To run the interpreter, execute the interp binary as follows:

dune exec ./bin/interp.exe -- -e "<PROGRAM>"

This will parse the program <PROGRAM> with your parser and interpret the AST that is produced. For instance, you could use the following to test the starter code:

dune exec ./bin/interp.exe -- -e "print 1 + 2"

Once the programs you want to run become more complex, it'll be easier to write them as files. To run the interpreter on a file, execute:

dune exec ./bin/interp.exe -- <FILE>

Part 1: Extending the language

First, extend the lexer and parser to support the following:

Float literals e.g. 1.23
Scientific notation literals e.g. 3.47e5 (3.47 * 10^5 = 347000)
- OCaml's float_of_string function will accept these literals as input, so you just have to extend the number parse rule to recognize the new literal form
( and ) for grouping expressions e.g. print (1 + 2) * 3
-, *, /, and ^ (exponentiation) binary infix operators e.g. 5 - 3, 1 * 2, 4 / 2, 2 ^ 3
- - should also be usable as a unary prefix operator for negation e.g. -5
Prefix log, sin, cos, tan operators e.g. log 5
Variable assignments e.g. foo = 1 (corresponding to Assign in the AST)
- Variable names may contain letters, underscores, or numbers, but must start with a letter
- The statements that make up a program may now either be print statements or variable assignments

Associativity

-, *, and / should be left-associative (similar to +)
- When used for negation, - should be non-associative
^ should be right-associative (i.e. 2 ^ 3 ^ 4 = 2 ^ (3 ^ 4))

Precedence

Of all the operators, log, sin, cos, tan, and negation should have the highest precedence, followed by exponentiation, then multiplication and division, then addition and subtraction.

Note: You may not use Menhir's %left, %right, %nonassoc, or %prec declarations yet, since we'll be using them in the next part. Instead, you should encode associativity and precedence explicitly using production rules, similar to how we've encoded the left-associativity of addition.

Checkoff: Call over a TA to go over your solution.

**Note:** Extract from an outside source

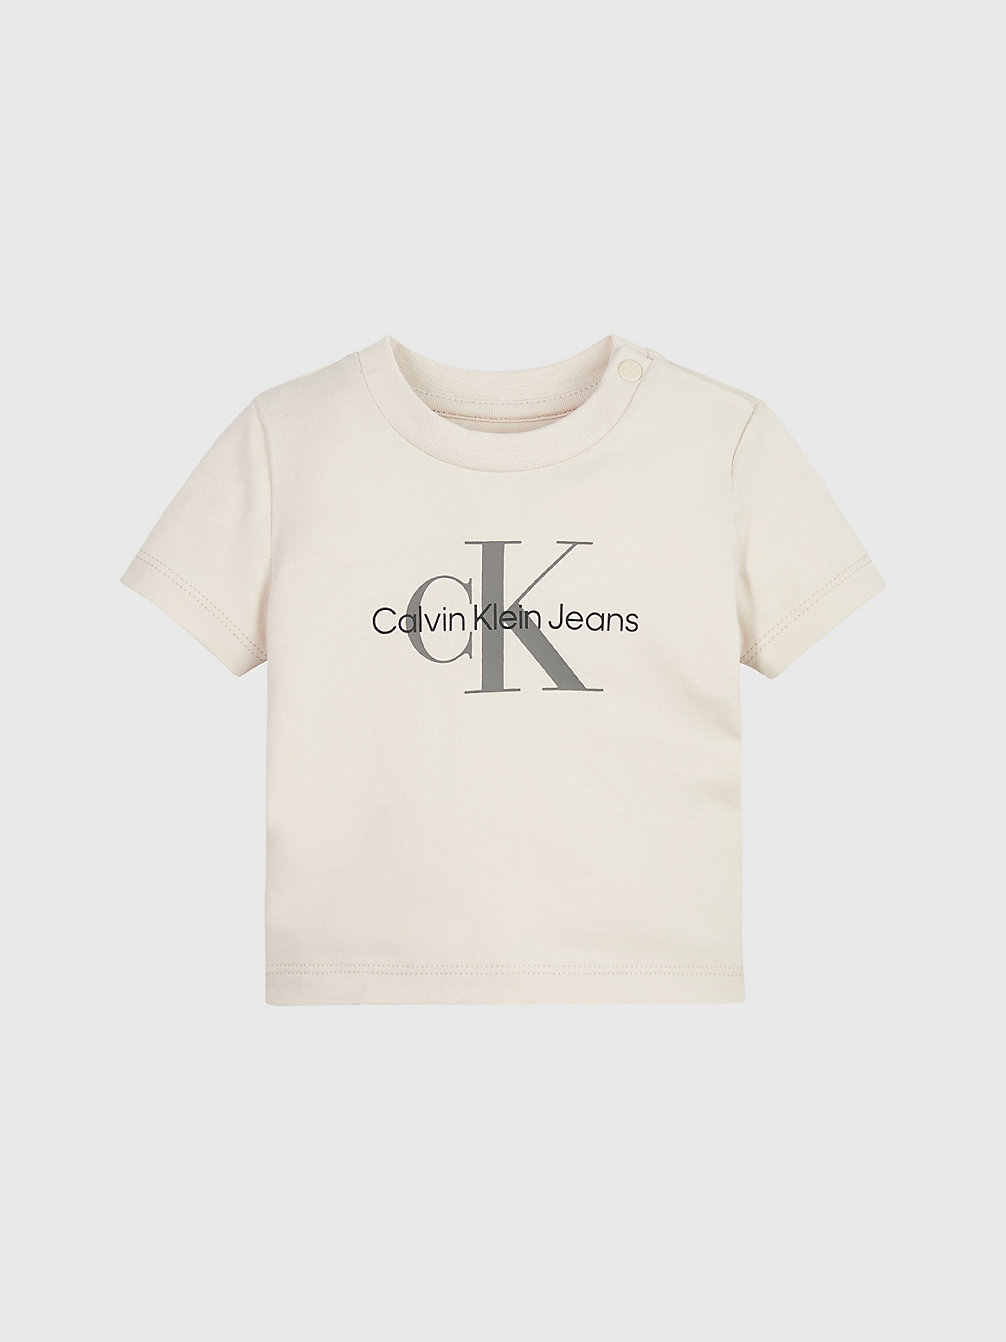 WHITECAP GRAY T-Shirt Pour Nouveau-Né Avec Logo undefined newborn Calvin Klein

Part 2: Simplifying the parser

Next, we'll be simplifying the parser using some of Menhir's useful features. Before beginning work on this section, save a copy of parse.mly -- you'll need it again for part 3.

Using Menhir's %left, %right, and %nonassoc declarations (see the reference linked above, and note that it calls precedence "priority"), establish the same associativity and precedence rules for the operators in our language. This should reduce the number of parse rules you need to represent the language.

Hint: You may need to use the %prec declaration to override the precedence of the - operator when it is used for negation.

Checkoff: Call over a TA to go over your solution.

Part 3: Implicit multiplication

When writing mathematical expressions in non-programming contexts, it's common to write expressions like 3 (4 + 5) to implicitly mean 3 * (4 + 5). Add support for this form of expressions to your parser, converting them into the same ASTs that the explicit forms would parse to e.g. Times (Num 3) (Plus (Num 4) (Num 5)) for the previous example.

In order to add support for this form of expression in the parse rules, we'll need to go back to manually describing precedence and associativity instead of using Menhir's succinct declarations, so swap your current parse.mly file with the copy saved at the beginning of part 2. The reason for this is that Menhir's precedence and associativity hints help the parser generator resolve shift-reduce conflicts. There's a set of rules that it uses to do this and they involve looking at the token being parsed (e.g. PLUS). In the case of implicit multiplication, however, there isn't any such token to look at.

Checkoff: Call over a TA to get checked off for the lab.